New Jersey Supreme Court Defines “Hospital Purposes” with regard to exemption of Nonprofit Hospital’s Offsite Wellness Center
Nonprofit hospitals are often characterized as greedy claimants of tax exemption for an expansive range of activities and facilities only loosely associated with their actual treatment facilities. Here, though, is a case where a hospital deserves credit for restraint with regard to its claim. In Hunterdon Medical Center v. Township of Readington (July 14, 2008), the New Jersey Supreme Court reversed and remanded an appellate court’s decision that a hospital’s off-site facility, at least one third of which housed a health center (with a pool, indoor track, a rock climbing wall, stairmasters, treadmills, and all sorts of aerobic equipment and weights) open to the public via membership dues, was not entitled to property tax exemption. The off-site facility also housed a physical therapy center and a cardio-pulmonary center used to treat hospital patients. The revocation of its property tax exemption cost the hospital $3.3 million and provided an opportunity for the Court to define “hospital purposes” as they relate to exemption of ancillary facilities. The Jersey Supreme Court stated that the following test should be applied in determining whether a hospital’s ancillary facility is used for “hospital purposes:”
1. The nature and extent of the services provided at the off-site location;
2. The extent to which the activity conducted in the facility is under the control or supervision of the hospital medical staff, or personnel;
3. Whether the facility serves primarily hospital patients and employees or primarily members of the general public.
Two additional considerations should be included in the analysis under factor three above when the hospital’s off-site activity is not one for which the hospital has been licensed to perform off site by regulatory authorities. See, e.g., N.J.A.C. 8:43G-2.11(c). Although neither should be treated as dispositive, they are: (1) whether the facility competes with like commercial or privately owned facilities; and, even if the answer to (1) is in the affirmative, (2) whether the facility, or the particular disputed part, is actually used predominantly by patients and hospital employees or by commercial members.

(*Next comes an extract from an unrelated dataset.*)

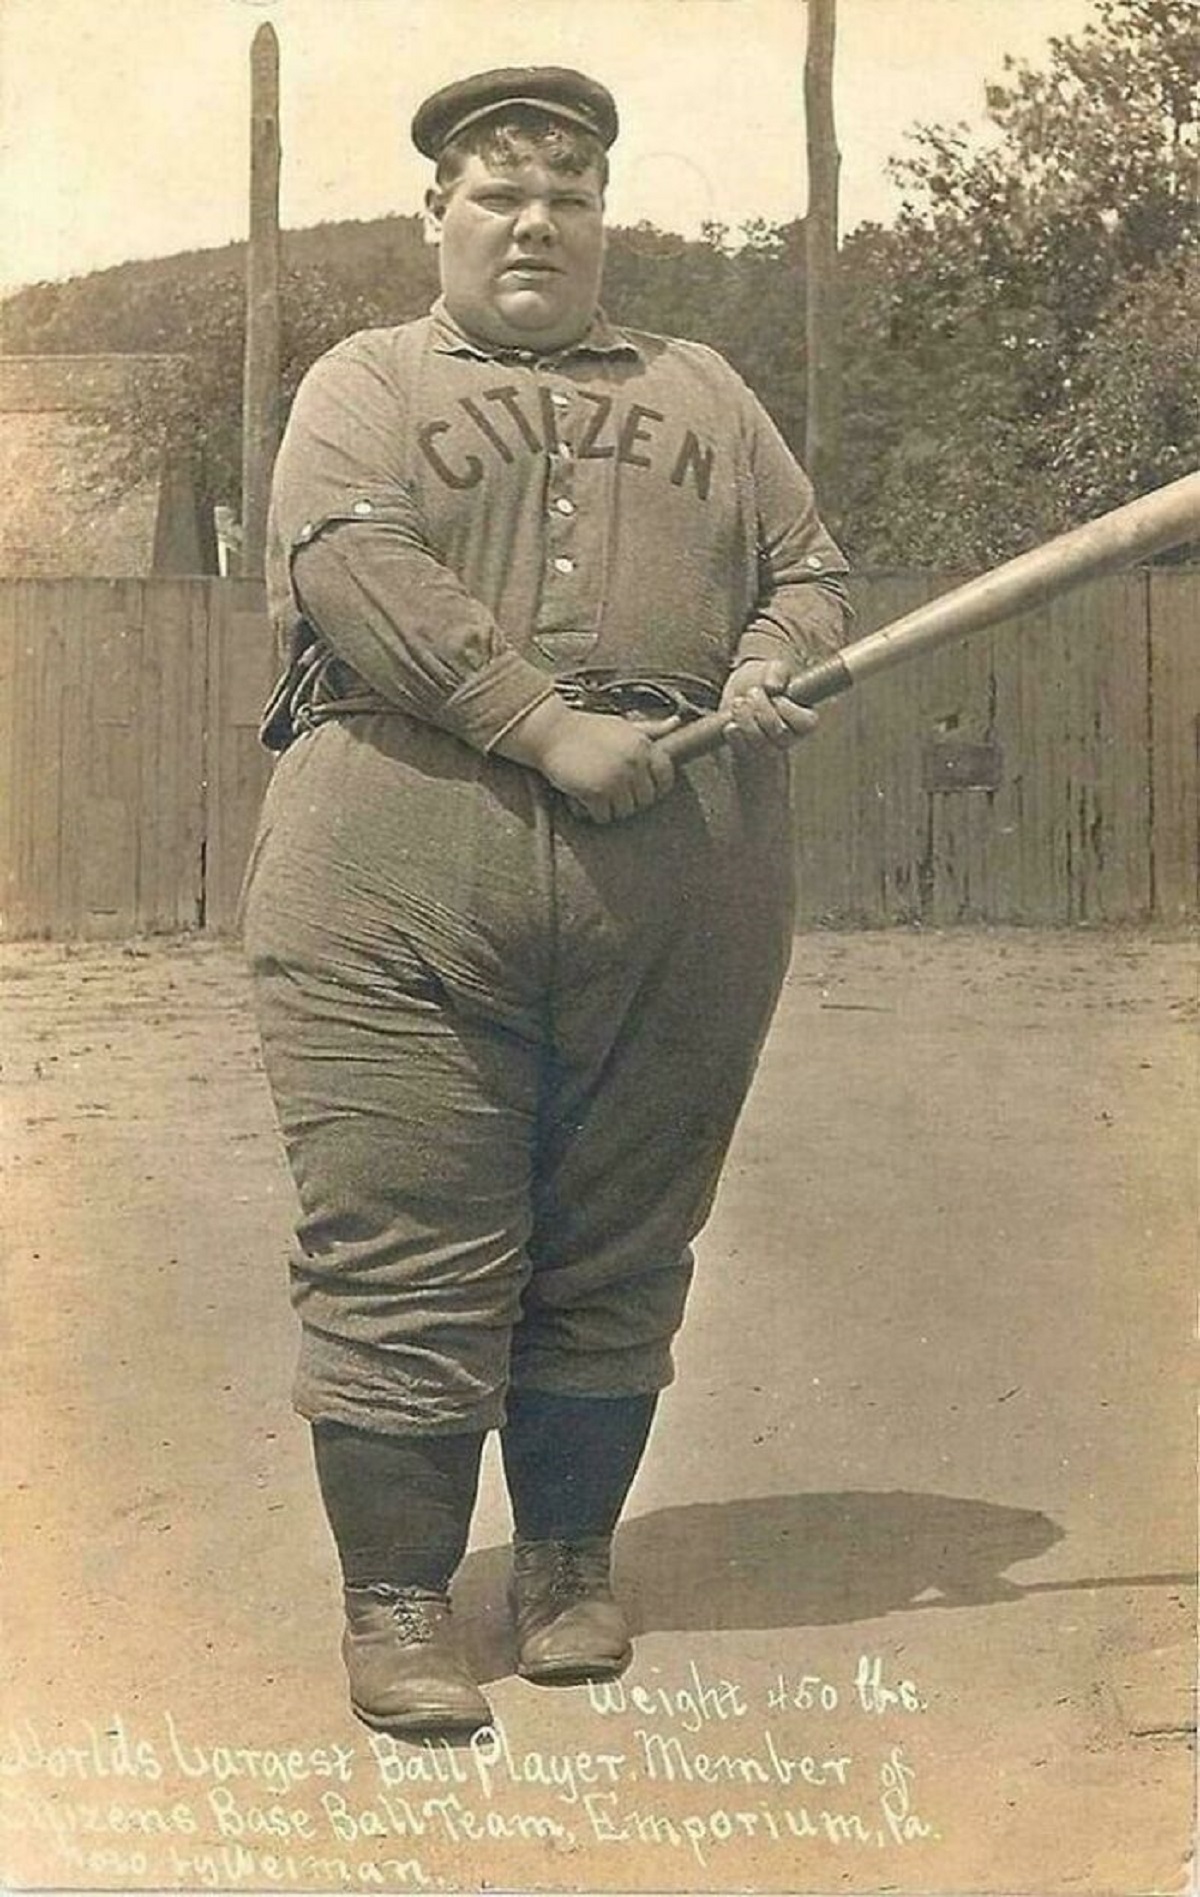 world's heaviest baseball player - Citizen weight 450 the Worlds Largest Bat Player. Member Szene Base Ball Team Emporium, la se kytkerman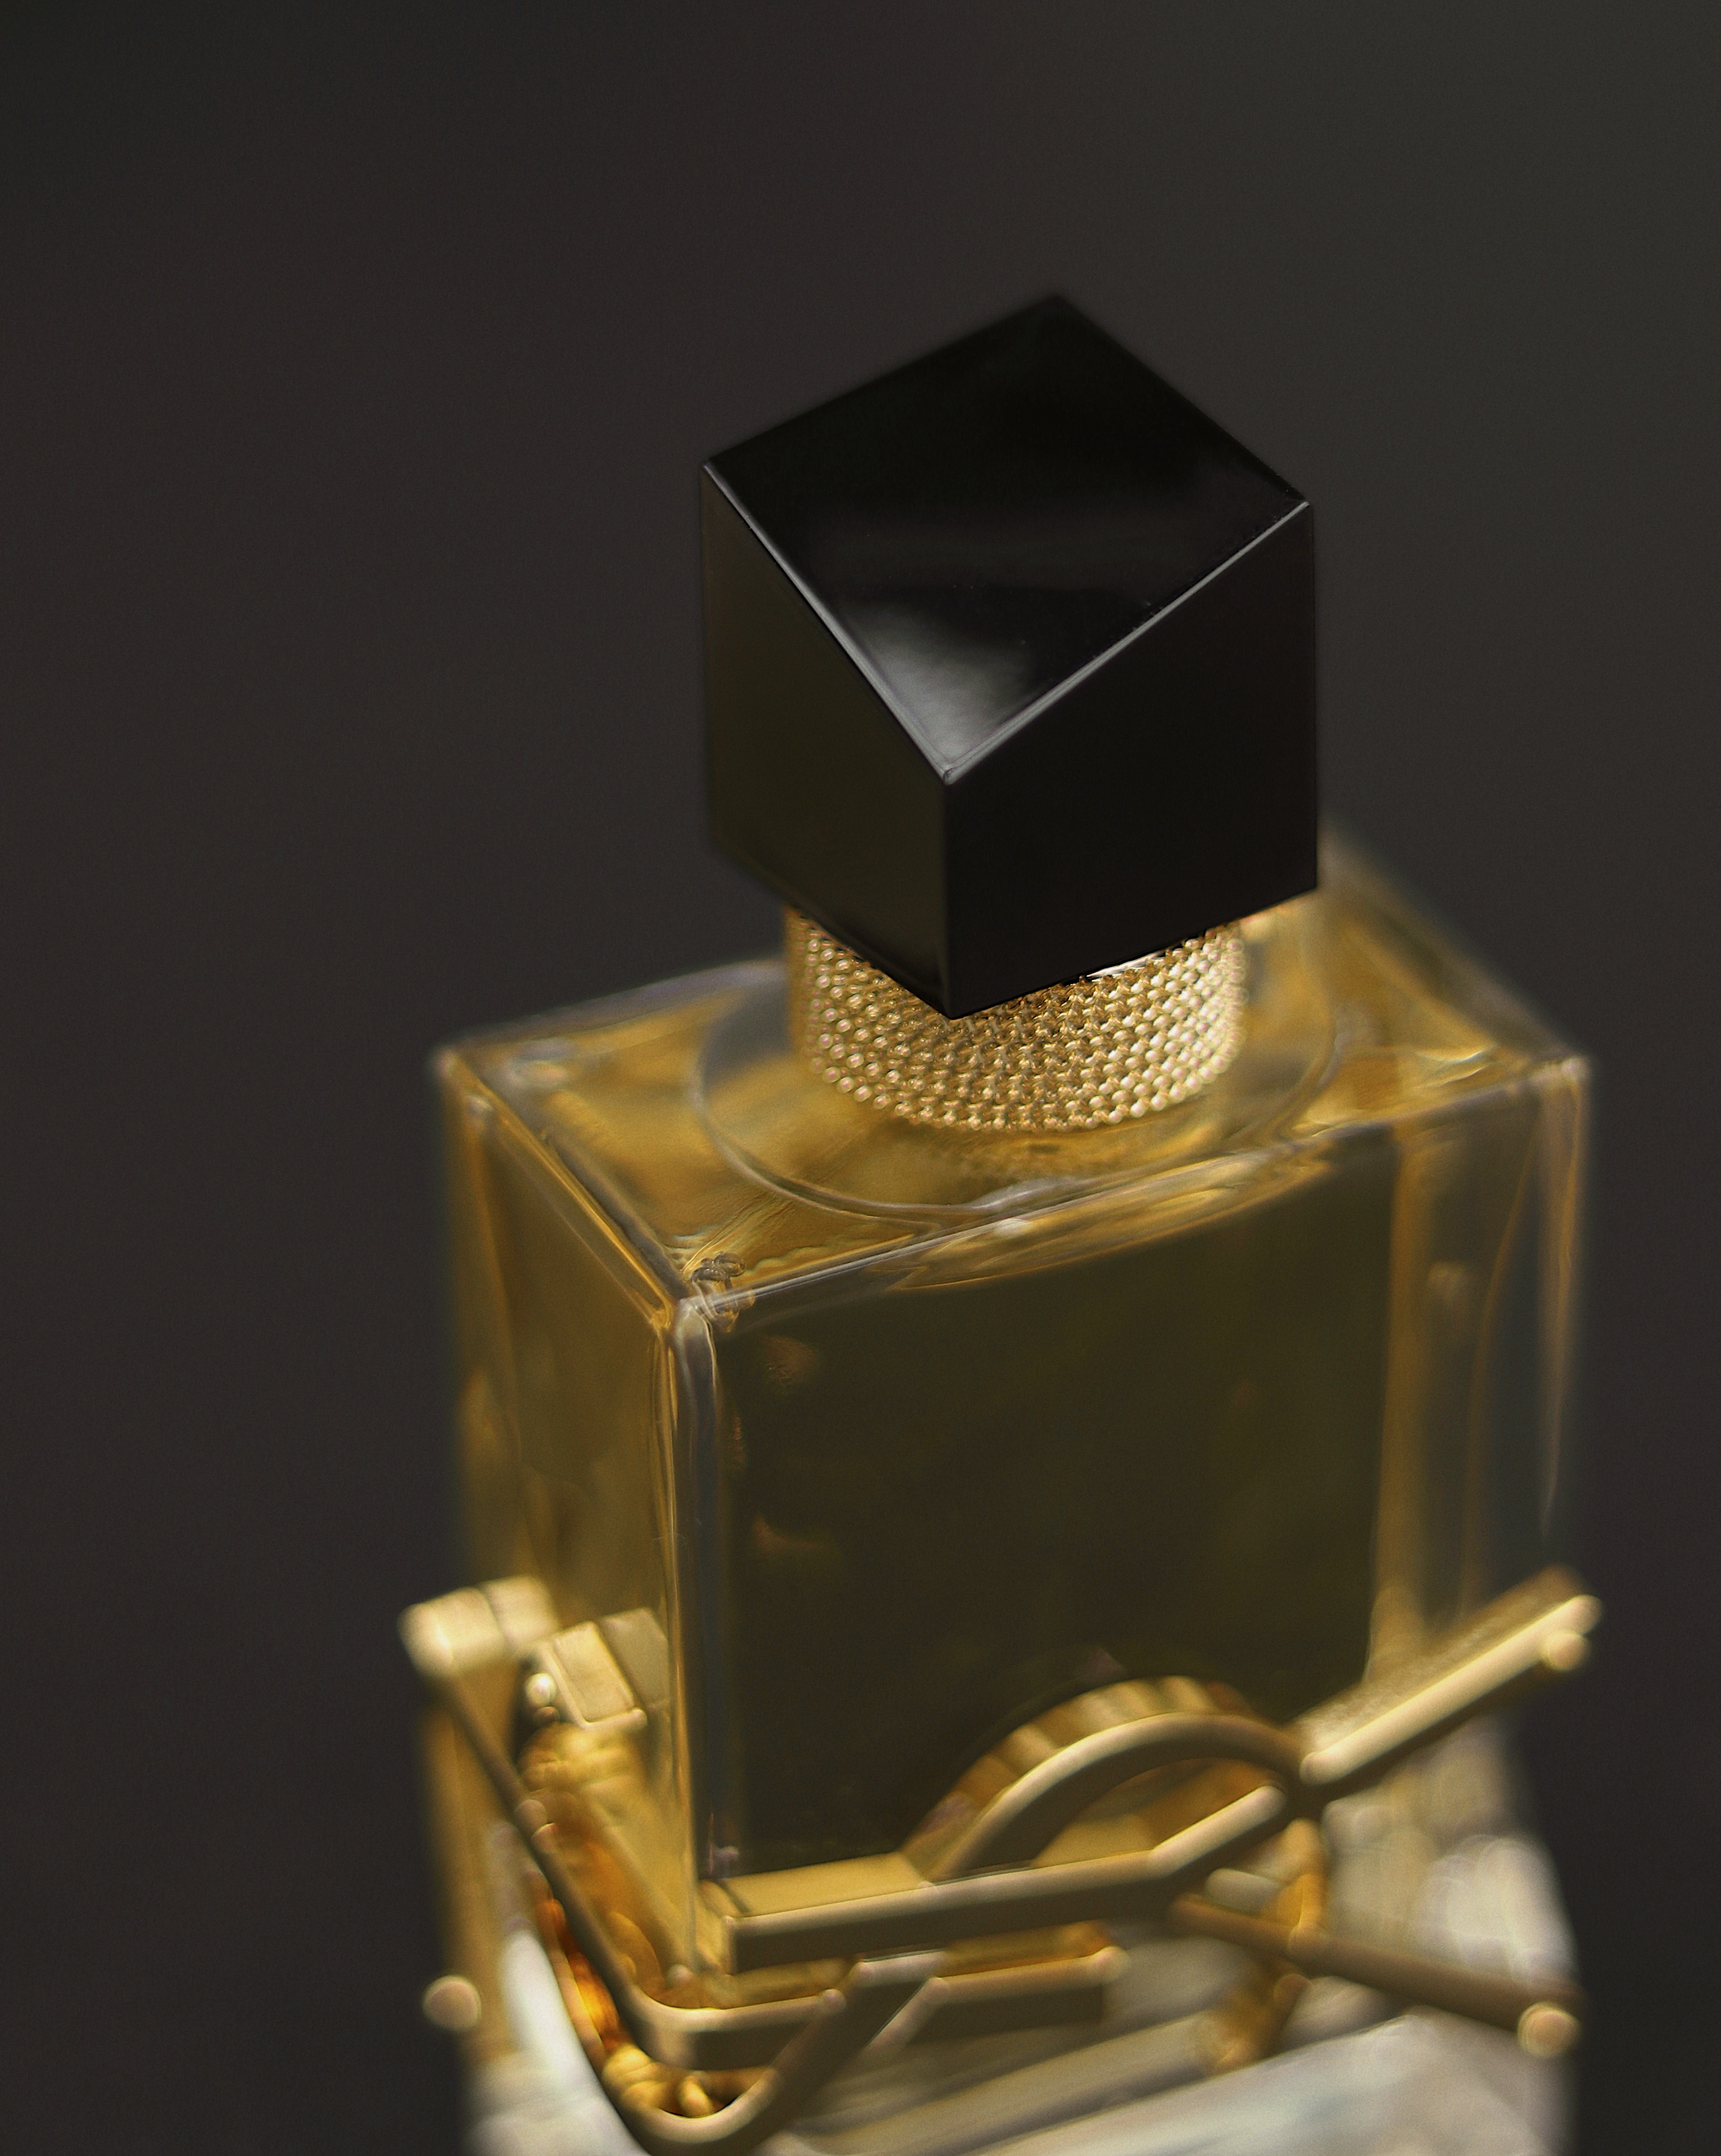 YSL Libre Perfume: The Review - Escentual's Blog

The Court determined that the lower court’s test to determine whether a hospital’s off-site facility was actually used for “hospital purposes” was too restrictive for purposes of the state’s property tax exemption for charitable activitiies, and did not sufficiently take into account modern day health care:
In our view, the analysis for “hospital purposes” must take into consideration the many medical pursuits permitted to the “modern” hospital in New Jersey. A hospital can no longer be restrictively equated with a nineteenth, or even twentieth,century vision of a monolithic building, in which is offered continuous inpatient care or emergency treatment, twenty-four hours per day, to the sick, disabled, and infirm. Licensing authorities have allowed hospital activities to evolve as inpatient stays have diminished. Today, treatment often is delivered on an outpatient basis at a hospital’s main facility, as well as at off-site facilities, backed up by the promise of ready inpatient care from the general, acute-care hospital when necessary. Thus, a fair definition of core “hospital purposes” must acknowledge the variety of activities that a modern hospital can be expected to perform for patients, be they inpatients or outpatients. That said, a hospital’s expansive view of its mission does not necessarily equate with “hospital purposes” in the tax exemption analysis.
All of this seems perfectly reasonable to me, at least in theory. But the application of a perfectly reasonable-sounding analysis with regard to health care, I think, has brought us to the present situation that seems to allow even altogether commercial fitness centers to attain tax exemption by association with a treatment facility, even as the market provides such services in more than sufficient supply. It would have been interesting, as a purely academic matter, to have seen how the appellate court applied the new analysis to the hospital’s members-only fitness center occupying the first floor of the facility. In fact, the hospital might have argued for exemption for its fitness center. Other nonprofit hospitals have, haven’t they? And successfully too. But the Court let stand that part of the lower court’s opinion denying property tax exemption for the fitness center. Apparently, (and surprisingly too) this hospital’s cert petition conceded the taxability of the fitness center (see footnote 17 of the opinion). We might speculate that the concession was motivated by the desire to maintain credibility with respect to its legal arguments. In any event, the hospital certainly deserves credit for the concession.